Однако и в эти годы и позже Модильяни предпочитает писать не сытых парижских буржуа, «хозяев жизни», а тех, кто ему духовно близок, — Макса Жакоба, Пикассо, Сандрара, Зборовских, Липшицев, Диего Риверу, Кислинга, скульпторов Лорана и Мещанинова, добрейшего доктора Дэврэня в военном френче, актера Гастона Модо на отдыхе, в рубашке с открытым воротом, какого-то милого седобородого провинциального нотариуса с трубкой в руке, какого-то молодого крестьянина с тяжелыми, непривычными к отдыху руками на коленях, бесчисленных своих друзей из парижских низов.

Модильяни умеет опоэтизировать облик человека, которого он любит и чтит, умеет вознести его над прозой будней: есть что-то величавое во внутреннем покое, в достоинстве и простоте, в самой женственности его «Анны Зборовской» из собрания Римской галереи современного искусства. Пышный белый воротник, высоко поднятый справа и сзади, как бы слегка поддерживающий голову модели на темно-красном фоне, недаром кому-то из художественных критиков показался чуть не атрибутом испанских королев.

Так он писал друзей. Но никакая дружба не может затуманить зоркости его глаза (Вламинку запомнилась властность в его взгляде на модель во время работы). Он не прощает и другу того, чего он не принимает, что всегда остается ему чуждым или даже вызывает его враждебность. В таких случаях Модильяни становится ироничным, если не злым. Вот Беатриса Хестингс с самоуверенно-капризным, высокомерным выражением лица. А вот скучающий, как будто поверх людей глядящий, претенциозный Поль Гийом нарочито небрежно облокотился на спинку стула. Жана Кокто Модильяни отлично знал как необыкновенно одаренного человека. Он знал его блестящий, острый ум, его многогранный талант поэта, художника, критика, сочинителя знаменитых балетов, романиста и драматурга. Но ведь одновременно Кокто считался и основателем стиля «элегантной богемы», «изобретателем мод и идей», олицетворением «крылатого лукавства», «акробатом слова», непревзойденным мастером салонного разговора обо всем и ни о чем.

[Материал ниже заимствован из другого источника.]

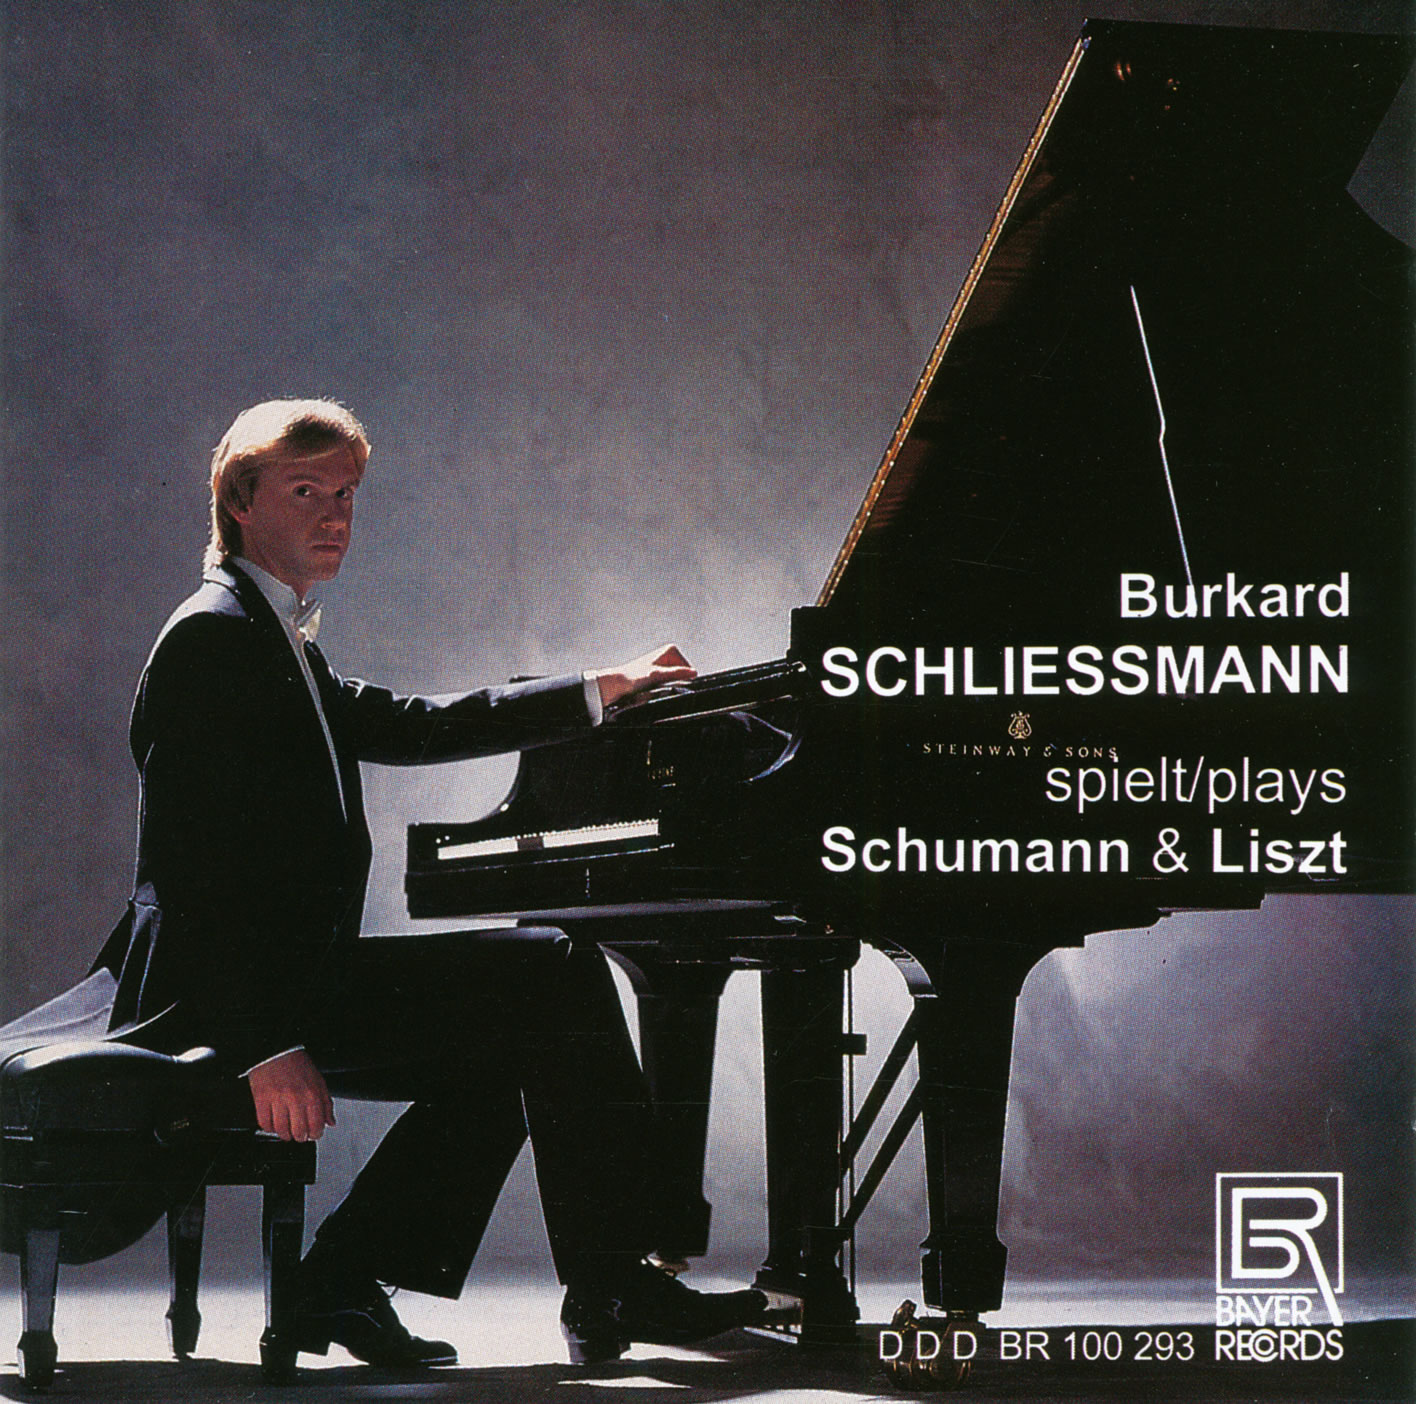 Robert Schumann & Franz Liszt

Есть что-то и от такого Кокто в портрете Модильяни, где он словно заранее соразмерен с преувеличенно высокой спинкой и комфортабельными подлокотниками стильного кресла, весь из прямых линий и острых углов — плечи, локти, брови, даже кончик носа: холодным дендизмом веет и от принятой позы, и от элегантнейшего синего костюма, и от безупречной «бабочки»-галстука.

Мне недоступен исчерпывающий объективный анализ стилистики Модильяни. Но есть в ней какие-то общие особенности, которые бросаются в глаза, вероятно, всякому внимательному зрителю. Нельзя не заметить, например, как много у него, особенно среди более ранних работ, незаконченного, — вернее, такого, что, наверно, признали бы незаконченным многие другие художники. Иногда это может показаться эскизом, разрабатывать и совершенствовать который он почему-то не хочет, — может быть, потому, что слишком дорожит первым впечатлением. Кого-то это раздражает; говорят о неоправданной условности, даже о «неточной» живописи. У Хуана Гриса есть афоризм: «В общем, стремиться надо к хорошей живописи, которая всегда условна и точна, в противоположность плохой живописи, безусловной, но не точной» («C'est, somme toute, faire une peinture inexacte et précise, tout le contraire de la mauvaise peinture qui est exacte et imprécise»)26.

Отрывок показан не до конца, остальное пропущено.